» GIVEN DATA
==*==
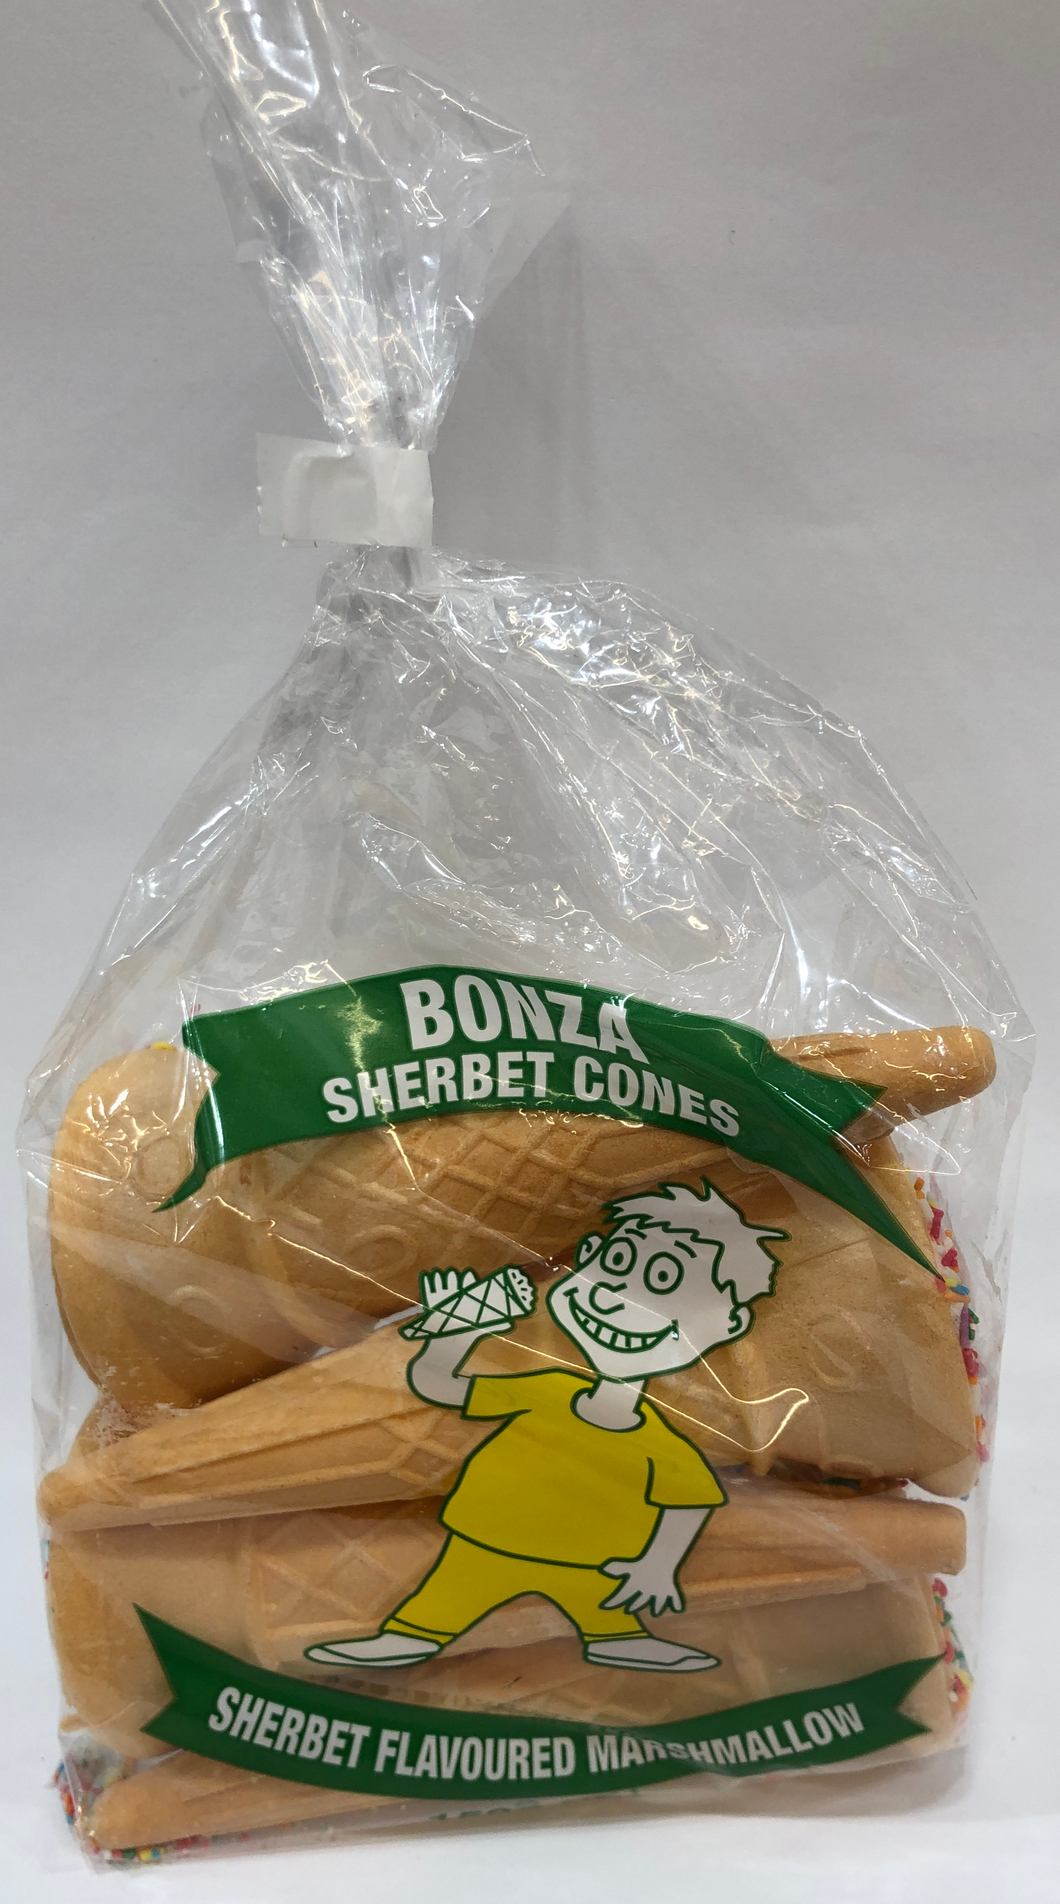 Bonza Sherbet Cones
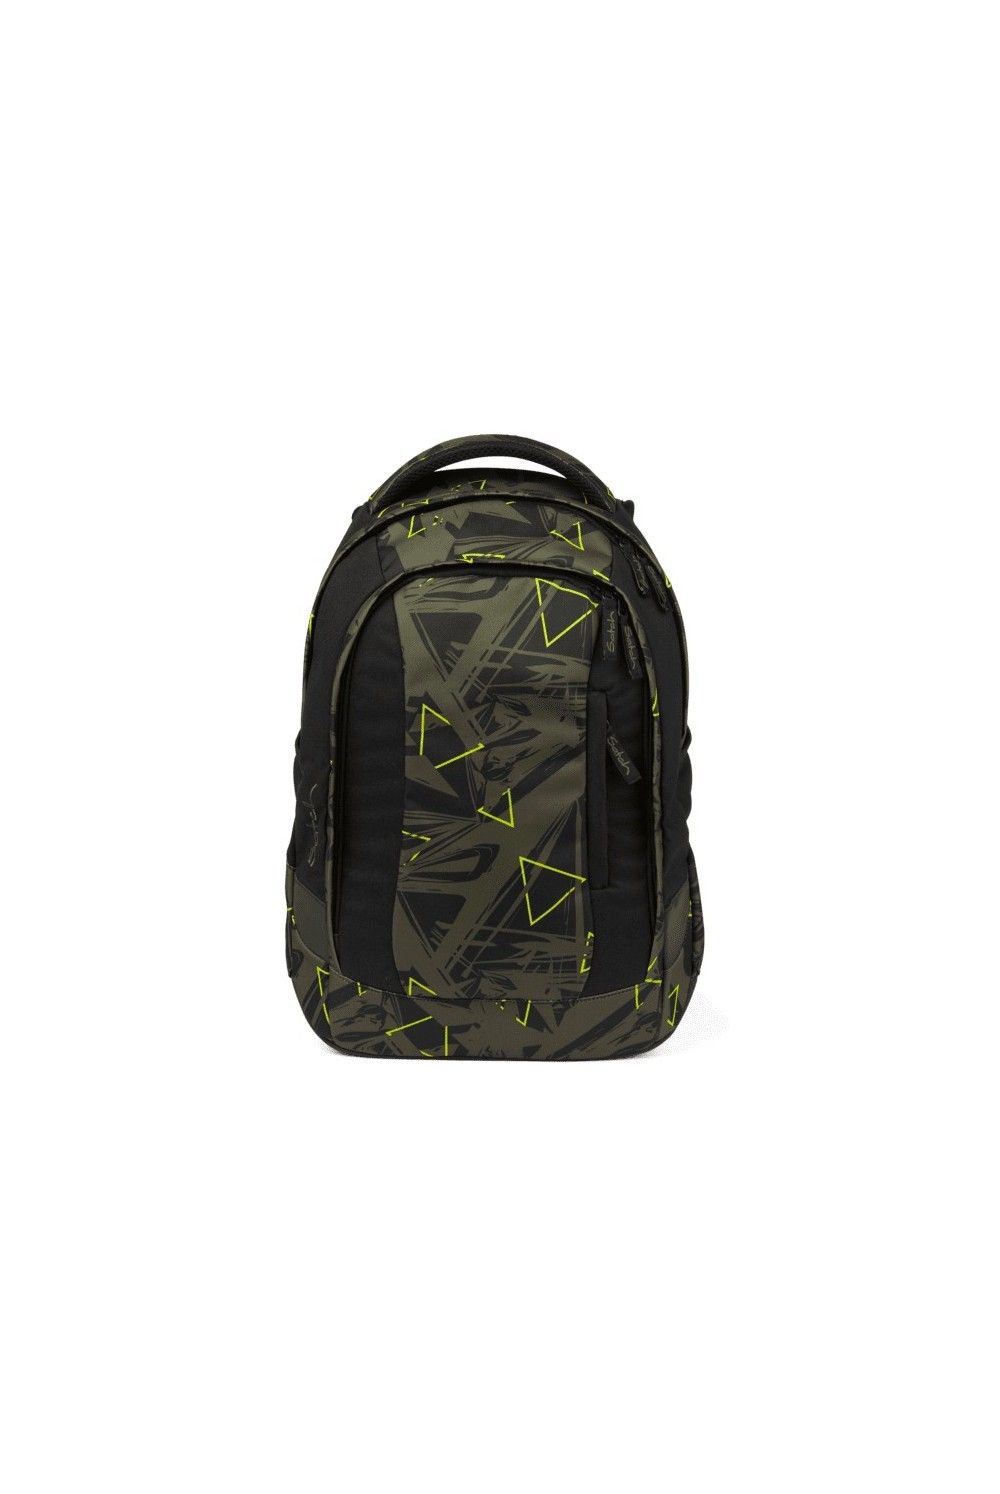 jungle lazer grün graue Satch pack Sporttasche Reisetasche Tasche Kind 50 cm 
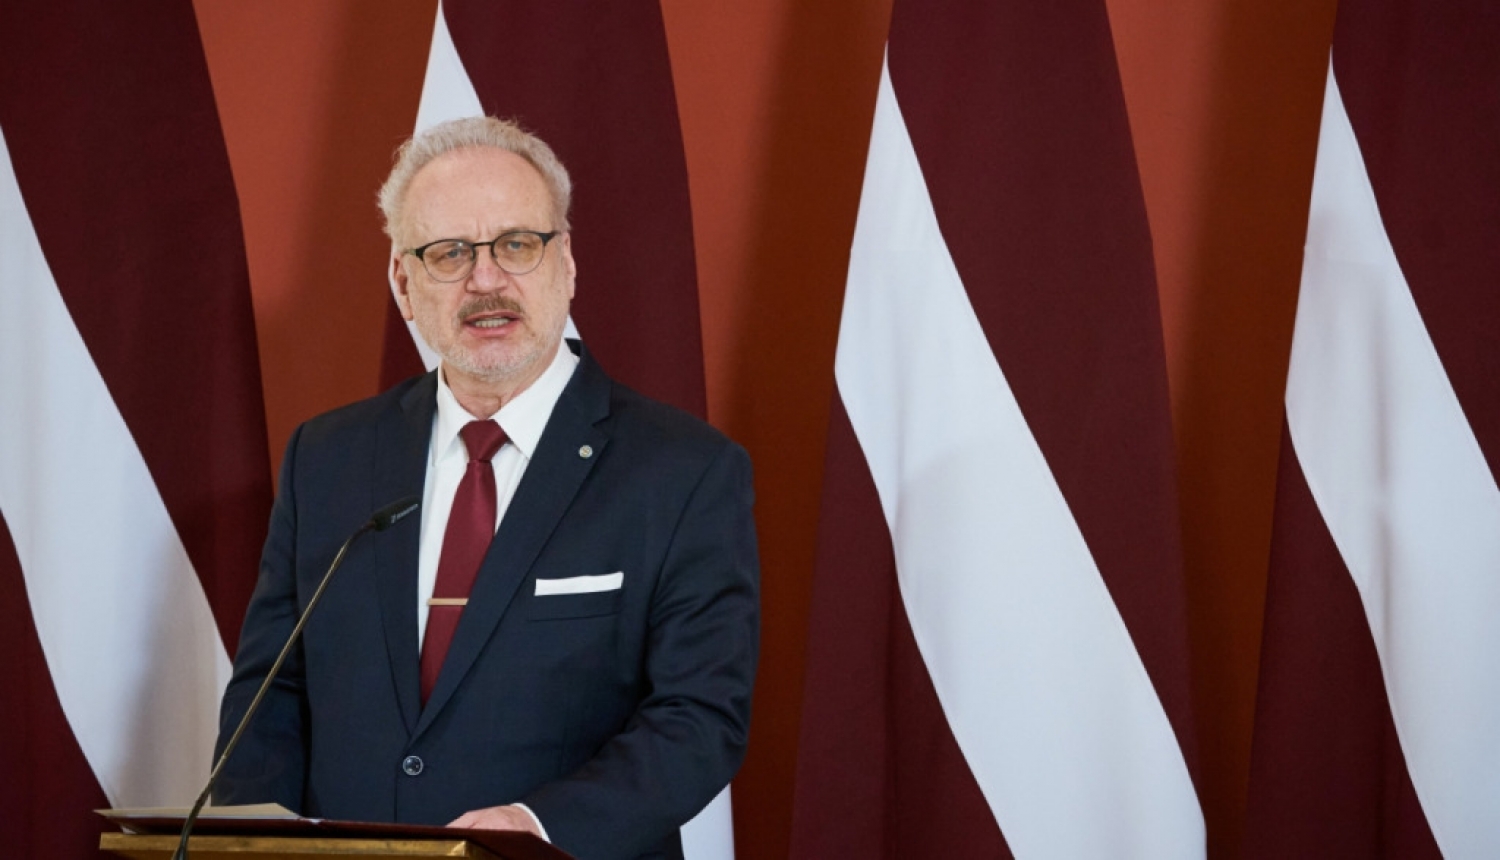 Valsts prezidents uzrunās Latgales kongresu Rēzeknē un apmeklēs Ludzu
==*==
» WORK TASK
Leave the images out. Set down all of the material above exactly.

» RESPONSE FOR THIS EXERCISE
 Bonza Sherbet Cones
 jungle lazer grün graue Satch pack Sporttasche Reisetasche Tasche Kind 50 cm 
 Valsts prezidents uzrunās Latgales kongresu Rēzeknē un apmeklēs Ludzu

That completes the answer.